By Thursday, with the time down to nine seconds, the contraption did indeed look worse, Pete decided. It looked wilted, and frayed cloth showed around the snaps. Both shoulder straps had been torn loose. Only one garter strap remained.
“What time is it?” Pete asked.
“Nine thirty-five. You getting tired?”
“Yeah.”
“Take a break. How you feeling generally?”
“My hands are tired.” Pete stood up, stretched. “I feel like I’ve unfastened that thing ten thousand times.”
“Almost five hundred,” Kerrigan said. “Think you can cut your time any more?”
“Gosh, Hal, I don’t see how. There’re just so many connections. I have to get each one.”
“You got this date with Virgie tomorrow night?”
“We’re going dancing at the lake.”
“You feel ready?”
“As ready as I’ll ever be.”
“Tell you what—knock off. Rest your hands. I think any more training’s just a waste of time. You can overtrain on a thing like this, you know.”
“I guess so.”
“You’re not scared, are you?”
Pete swallowed. “Maybe a little.”
“Don’t be, pal. You’ve got it made. Blitz! She won’t know what hit her.”
“I don’t like that kind of talk,” Pete said. He cleared his throat with a cough. “Hal, I been thinking. Maybe I shouldn’t do this.”
“What?”
“Well, it’s not really fair … kind of.”
“Fair! Is it fair what she’s been doing? Leading you right up to that armor and cutting you off?”
“Maybe it’s not her fault exactly.”
“Not her fault, he says. You think she really wants to stop?”
“Wellll … I dunno, maybe not.”
“You know damn well she doesn’t want you to stop.”
“I guess you’re right.”
“It’s your duty, Pete.” Kerrigan lowered his voice. “You’re really saving her from her inhibitions.”
“I guess you could look at it that way.”
“Think of how she’s teased you,” Kerrigan said.
“You really think she’s been teasing me?”
“I know she has.”
“Yeah! You could call it that.”
“It’s nothing else. Now you get in there and fight.” Kerrigan glanced around the apartment. “You want to use my place?”
“If it’s okay with you.”
“Be my guest. Be my guest.”
O O O
It was Saturday high noon in the apartment, and Pete reclined on the davenport in Kerrigan’s maroon robe. He dangled a torn length of pink strap in his left hand, studied it with a pursed-lip frown of concentration.

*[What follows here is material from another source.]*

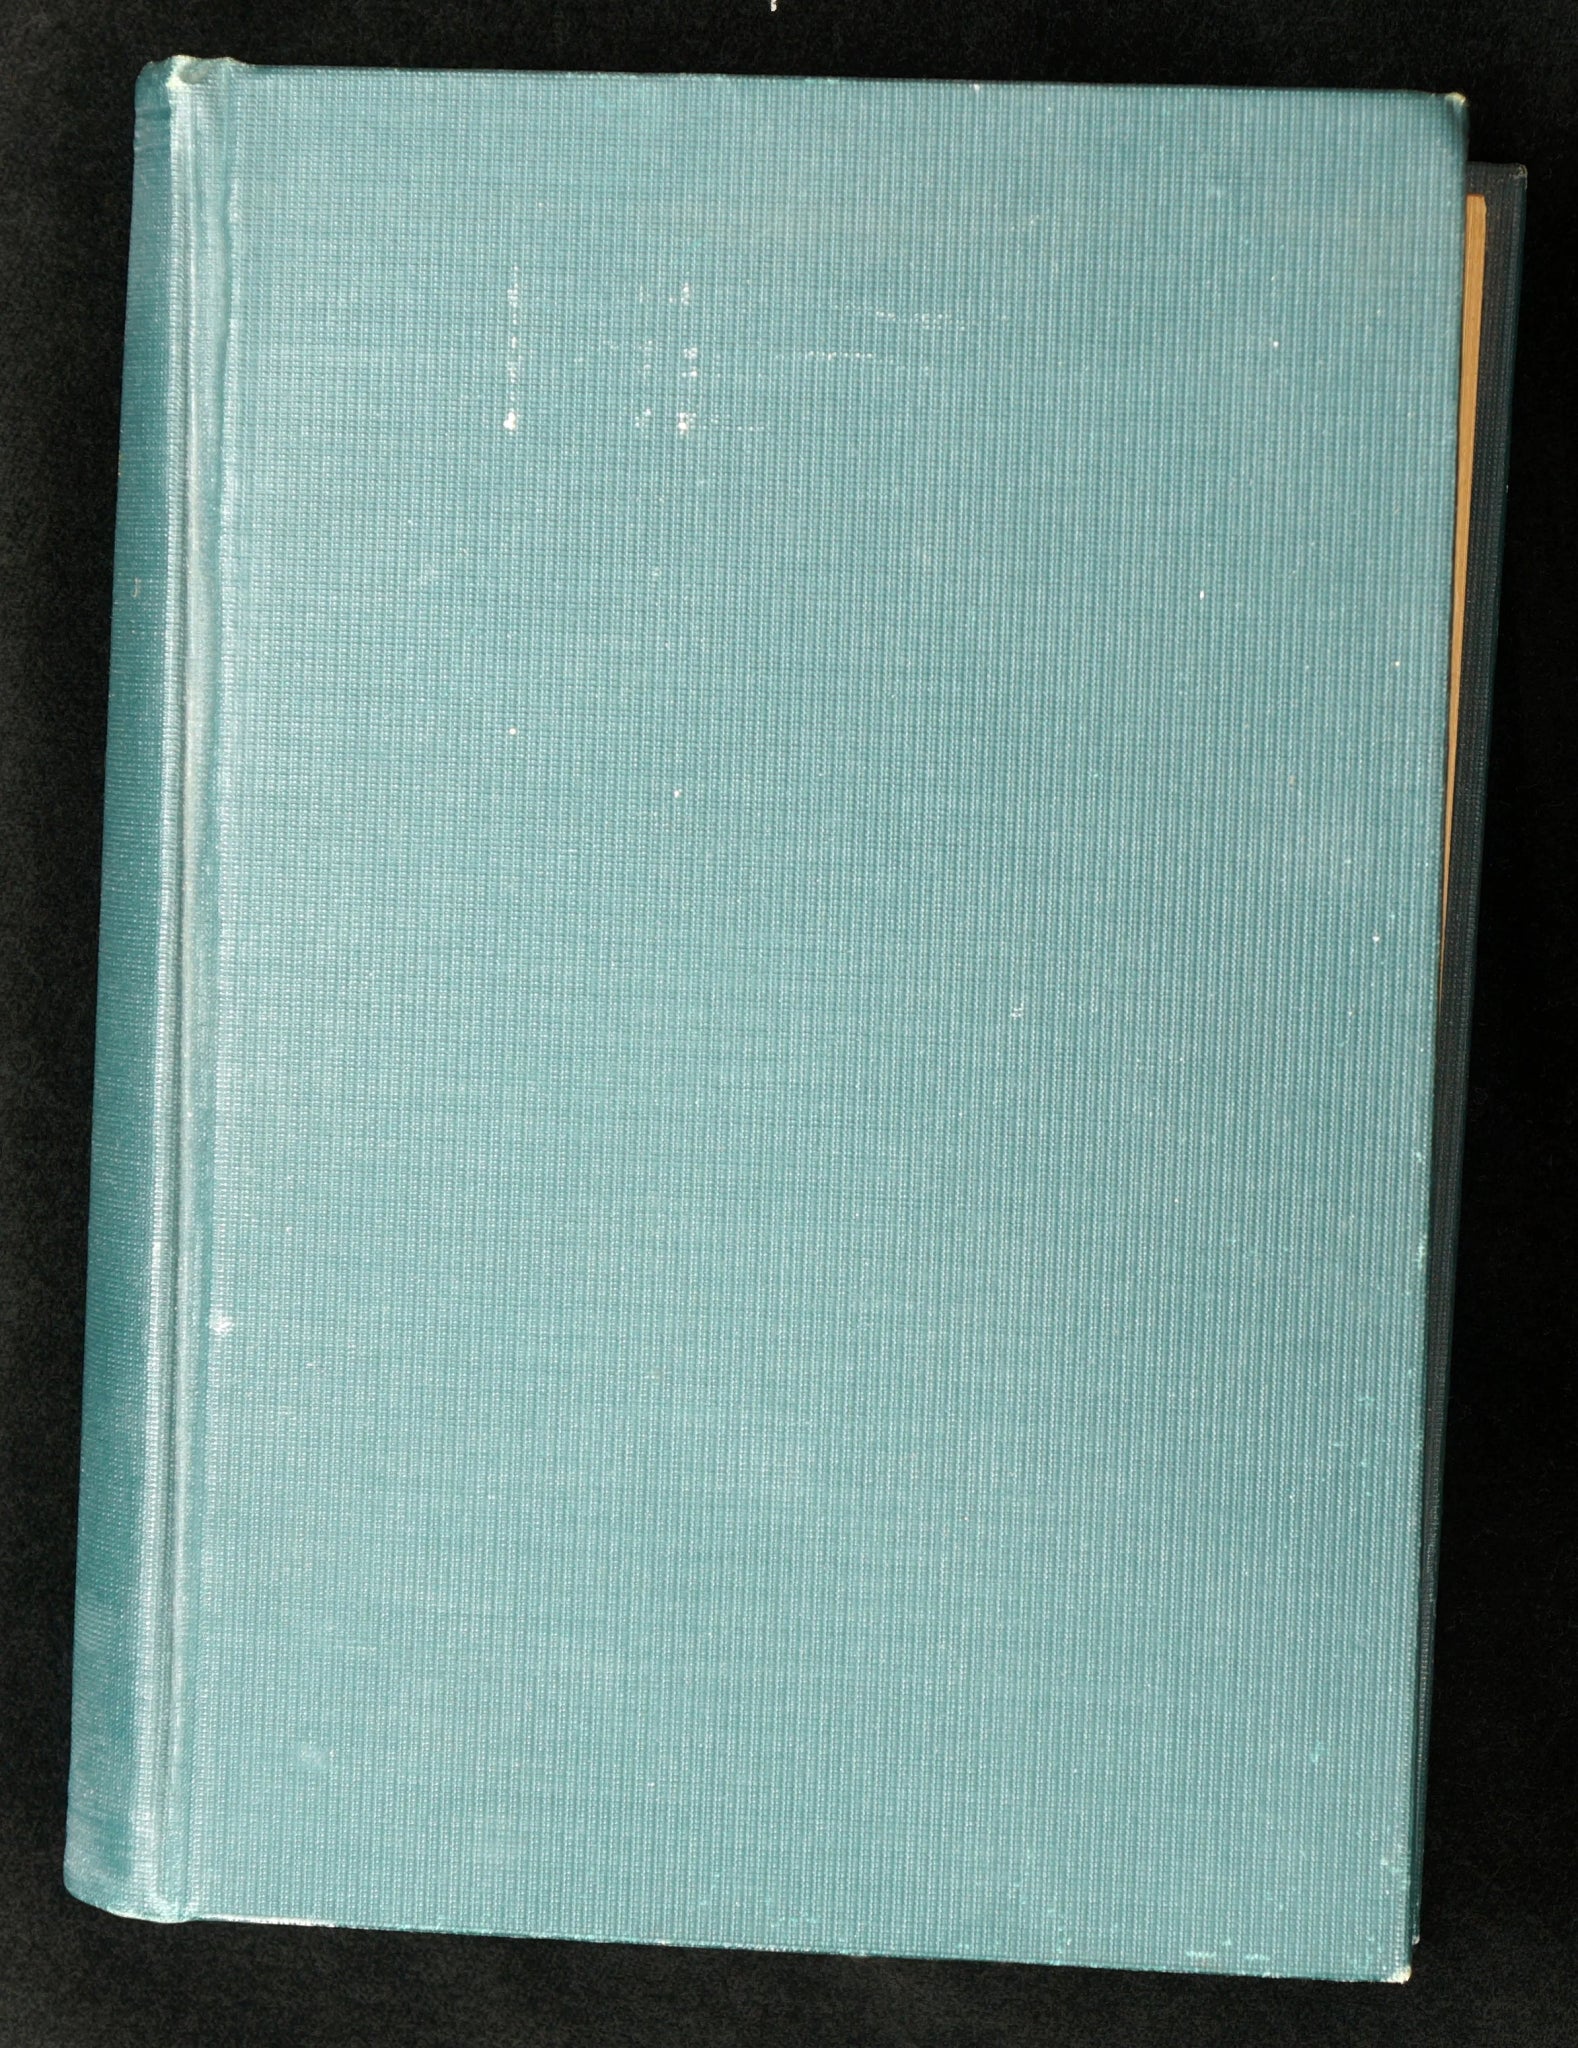 The Later History of the First Church of Christ, New London, Conn 1900 , Blake, Rev. S. Leroy - Bear and Raven Antiques

A hesitant knock sounded at the hall door.
Pete ignored it.
The knock was repeated.
Pete raised his head. “Yeah?”
“It’s me, Hal.” The voice sounded muffled, conspiratorial.
Pete stuffed the strap into a pocket of the robe. “Come on in.”
Kerrigan let himself in the front door, crossed to the davenport, and draped his coat over it. He leaned on the coat, looked down at Pete.
“Hi, Hal,” Pete said.
Kerrigan glanced around the apartment. It looked neat—everything in its place, nothing disarranged. He returned his attention to Pete, noted a smudge of lipstick across Pete’s neck.
“You’re looking pretty good,” Kerrigan said.
“Hal, we’re getting married,” Pete said.
Kerrigan’s lips moved without a sound, then: “You’re getting married?”
“Yeah.” Pete frowned up at him. “You sound like you don’t think it’s a good idea.”
“Oh, it’s a great idea. Great, great.”
“We think so.”
“What’ya been doing here all this time if you were just going to get married?” Kerrigan demanded.
“Are you sure you’re happy about this?” Pete asked. “You sound kind of funny.”
“I’m delighted! I’m overjoyed.”
“I was gonna ask you to be my best man.”
Kerrigan passed a hand across his eyes. “Sure, Pete. Sure.”
“I owe it all to you,” Pete said. “She was too inhibited to get married. I proposed every night last week, but she kept putting me off.”
Kerrigan pointed to the place on the rug where Pete had practiced disassembling the contraption. “You mean … while we were working with that … every night?”
“On the phone after we got through. I was hoping I wouldn’t have to go through with it.” Pete blushed.
“But you went through with it?”
Pete dropped his feet to the floor, sat up. A look of animation came over his face. “Hal, I watched the luminous second hand on your mantle clock. Hal, seven seconds! Think of it: seven seconds!”
“Yeah,” Kerrigan said. “I’m thinking.”